I would request that we do not consider this discussion of ethics as some
sort of test of Metaphysics of Quality (MoQ). I believe there is much to
MoQ besides ethics, -- first of all a metaphysics. And our discussion of
whether we can construct a coherent and plausible system of ethics on the
grounds of MoQ, here and now, can hardly be taken as a critical test of the
MoQ as such. Rather, it is part of an ongoing probing and development; --
as you say, the ethical dimension is related to the rest.
Struan continues:
>If the MoQ is naturalistic then it falls to the naturalistic fallacy as
>pointed out by G. Moore in his 'Principa Ethica' of 1903, namely that it is
>fallacious to define good in terms of a natural object. As with all the
>following, the authors can do a much better job of explanation than me and
>so I will not bore you here by repetition.
>
>The work of Isaiah Berlin is another 'hope,' again the primary source is
>better than my ramblings so I shall refrain.
>
>A. MacIntyre is probably the foremost ethicist of recent years and I
>challenge anyone reasonable to read his works and still subscribe to the
>MoQ. (Short History of Ethics, RKP, 1967 - After Virtue, Duckworth, 1981 -
>Whose Justice? Which Rationality?, Duckworth 1988)
Well, I had rather hoped you would bore me with a short summary of your
view. I find it difficult to discuss whether to wear my Quality trousers
today, if they are the only ones I have -- I would hate if I found them
not good enough to wear ;-)
Seriously, I hope you would be kind enough to indicate which sort of ground
you base your ethics on. I am not familiar with the latter two writers you
refer to, neither do I have any easy access to their works, and I am sure
some others on the Squad are in the same situation.
On the question of naturalism. Naturalism is a dangerous concept to use,
and I must take the responsibility for bringing it up. Naturalism has been
used in different ways through history, in concordance with the development
of natural science. The way I use naturalism takes the fallible nature of
our theories of the world into consideration, (only) stating that there is
some connection between how the world is and what we ought to do, between
the true and the good. In this perspective MoQ is a radical form of
naturalism, stating that the true is (but) a kind of good.
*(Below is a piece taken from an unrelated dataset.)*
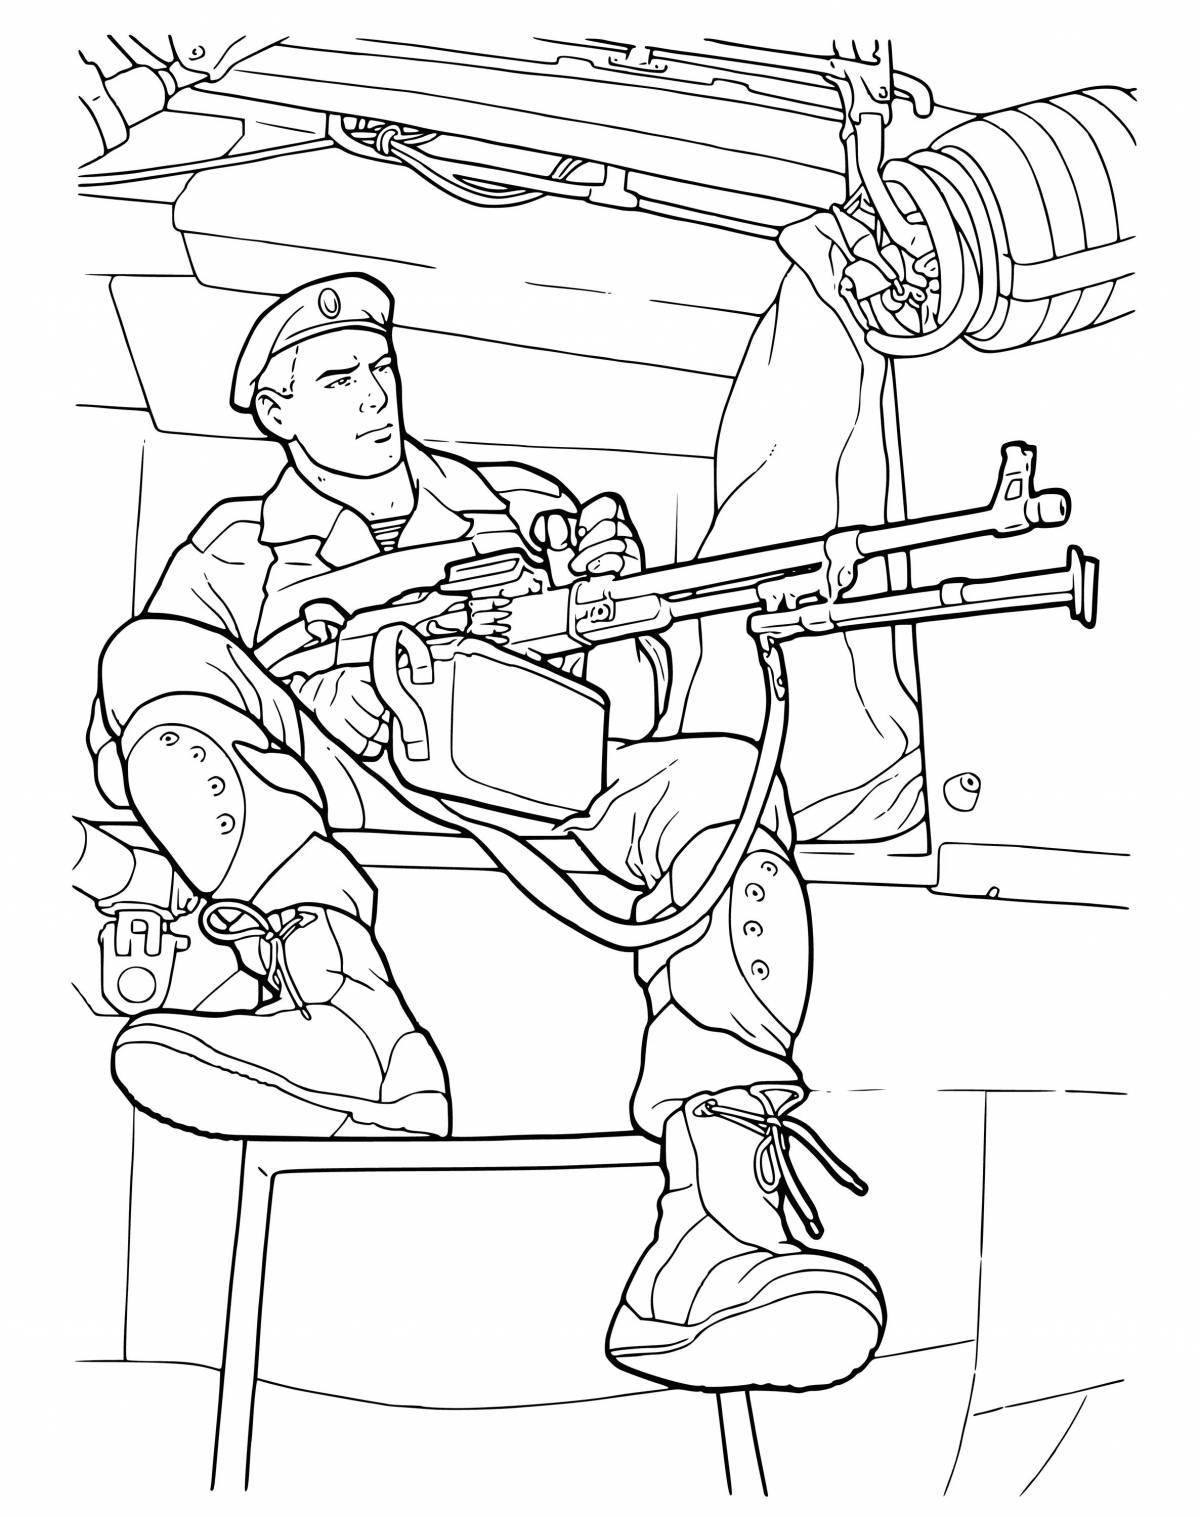 Valiant soldiers coloring pages for boys

Moore said that any philosophy which seeks to define good (for instance the
idea that the established natural science can decide on what is good)
commits the naturalistic fallacy. Taking of, I believe in Humes questioning
of how any propositions on what ought to be (values) can be deduced from
propositions on what is (facts). Moore did not consider good the kind of
property which could be decided upon through experience (e.g. science).
Later on the naturalistic fallacy has been taken (e.g. by R.M. Hare I
believe) to be the confusion of the distinction between the description and
the evaluation of a thing.
Pirsig takes the opposite route of Moore and Hare, he says that value is
basic in experience, that the distinction between description and
evaluation is a secondary distinction. In a way we might say that Pirsig
agrees with Moore that the good cannot be defined by way of a descriptive
theory, because the good is primary to any description, primary to the
distinction between knower and known. Pirsig agrees with Moore that the
good is not a kind of property which can be found by way of observation;
the good is not something inherent in objects. But Pirsig furthermore says
that the good is not something imposed by (the emotion of) the observer.
The good is primary to the distinction between subject and object, this
observation, which comes from the basis of Pirsig's metaphysics, makes for
the view of ethics entailed by MoQ.
We might consider Pirsigs philosophy a resolution of an ethical paradox, as
coined in Moores naturalistic fallacy:
"If there is no path from what is, to what ought to be, no path from the
true to the good, then where the h... does good come from?"